_Supplied data_
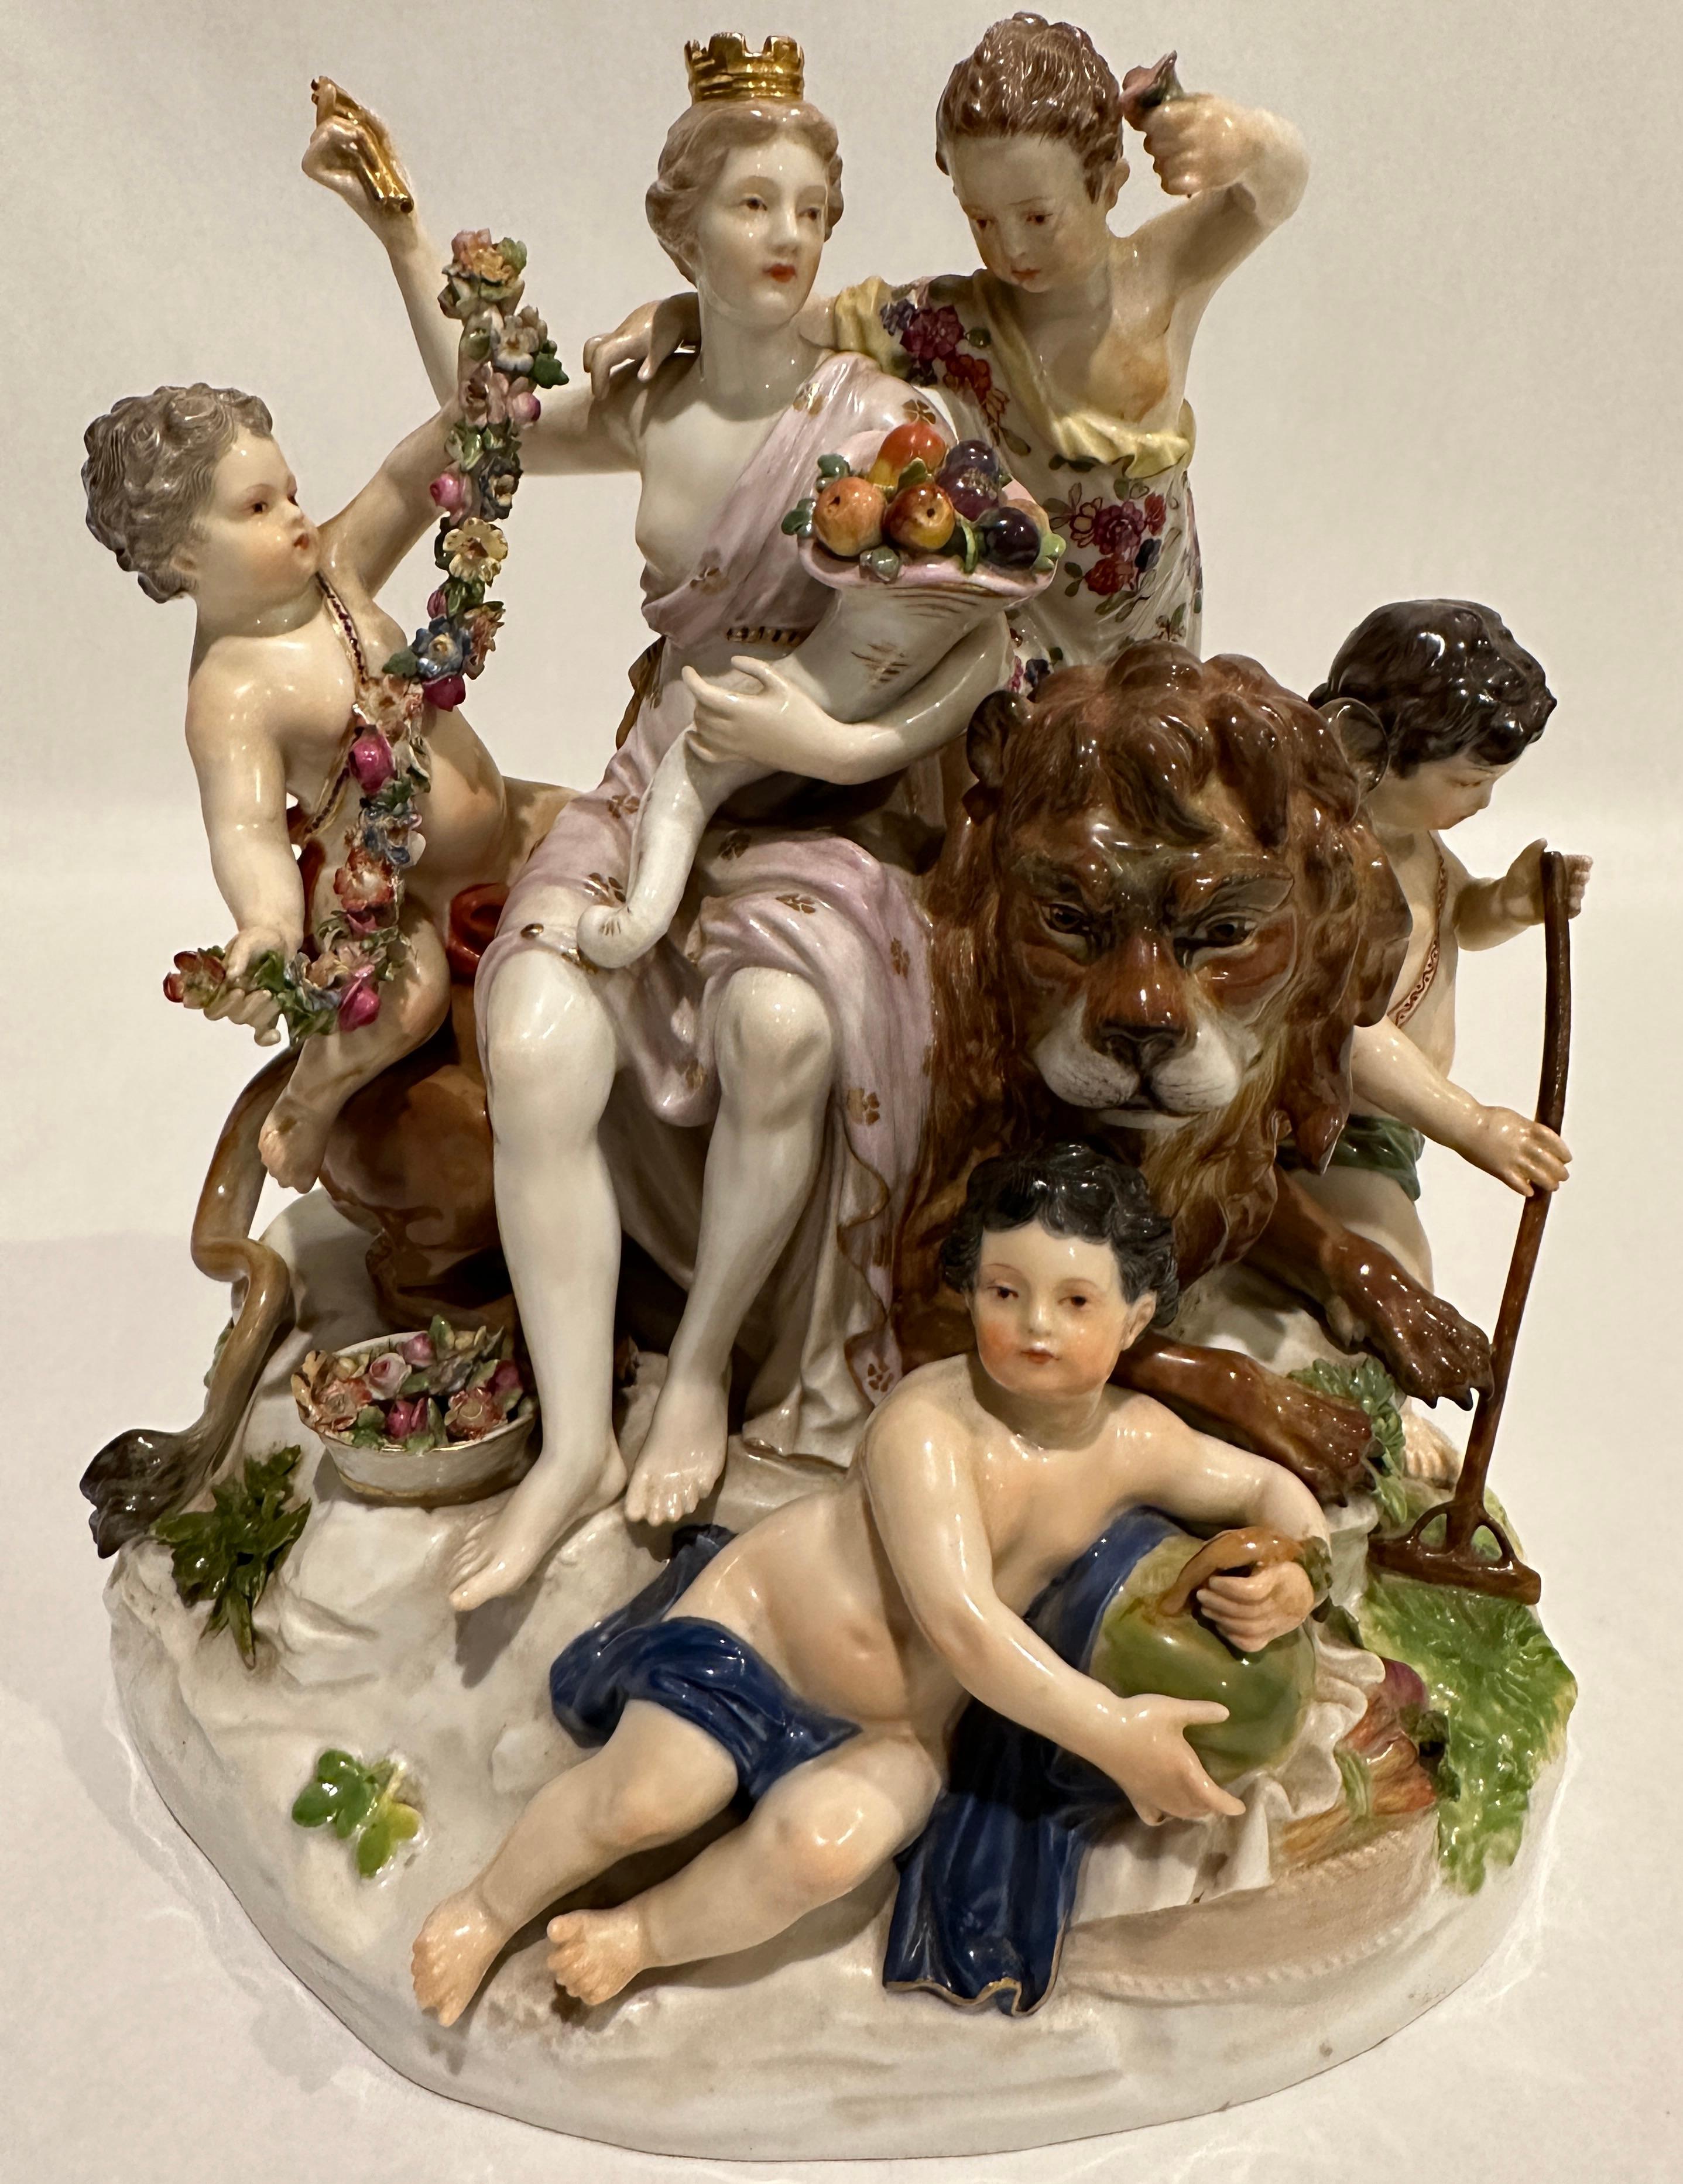 Grand groupe de figurines Meissen représentant l'Allégorie de la Terre autour d'une figurine de lion. 
Manufacture : Meissen Poinçon : Bleu Meissen Marque de l'épée (sous glaçure) Première qualité numéro de modèle D 83 / numéro de peintre 49 /
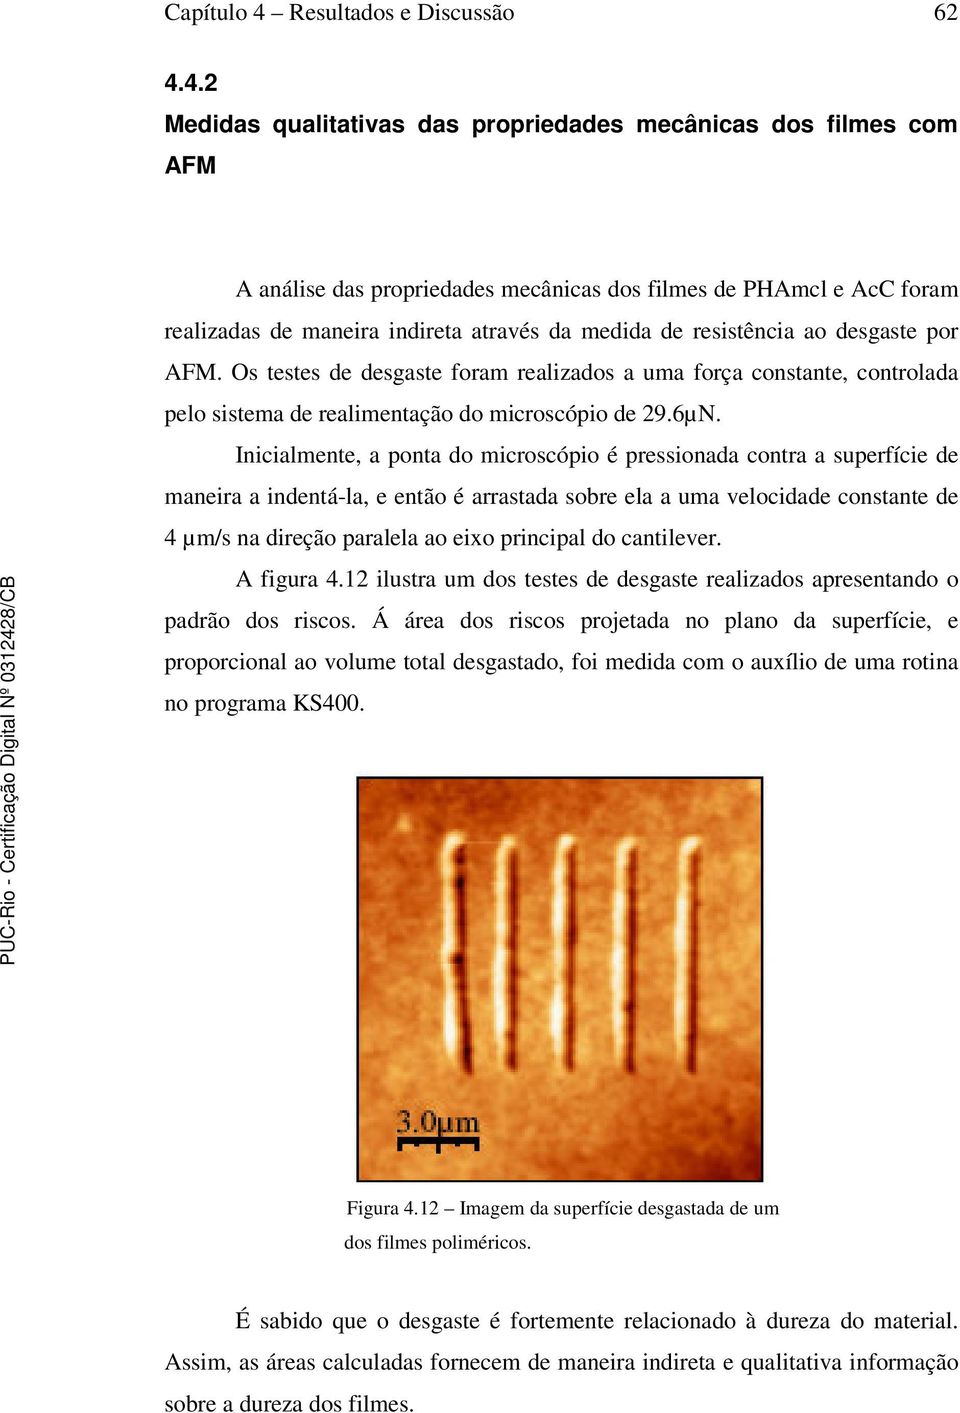 4.2 Medidas qualitativas das propriedades mecânicas dos filmes com AFM A análise das propriedades mecânicas dos filmes de PHAmcl e AcC foram realizadas de maneira indireta através da medida de
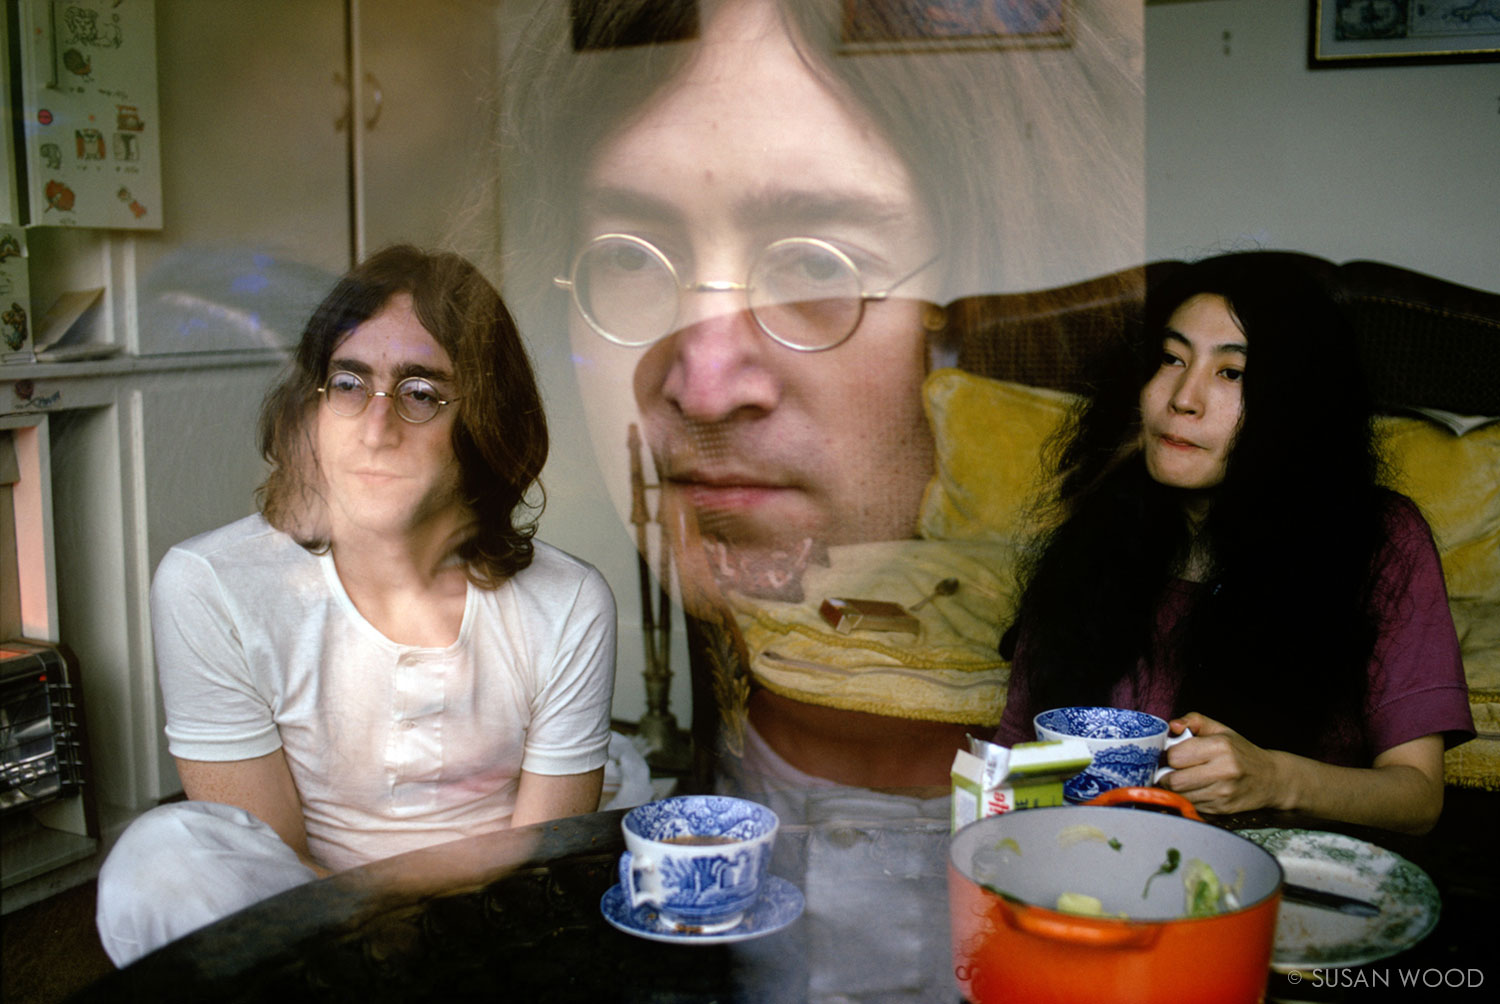 John Lennon & Yoko Ono 1969

_Exercise_
With the pictures removed, copy the data above word for word.

_Final answer_
 Grand groupe de figurines Meissen représentant l'Allégorie de la Terre autour d'une figurine de lion. 
Manufacture : Meissen Poinçon : Bleu Meissen Marque de l'épée (sous glaçure) Première qualité numéro de modèle D 83 / numéro de peintre 49 /
 4.2 Medidas qualitativas das propriedades mecânicas dos filmes com AFM A análise das propriedades mecânicas dos filmes de PHAmcl e AcC foram realizadas de maneira indireta através da medida de
 John Lennon & Yoko Ono 1969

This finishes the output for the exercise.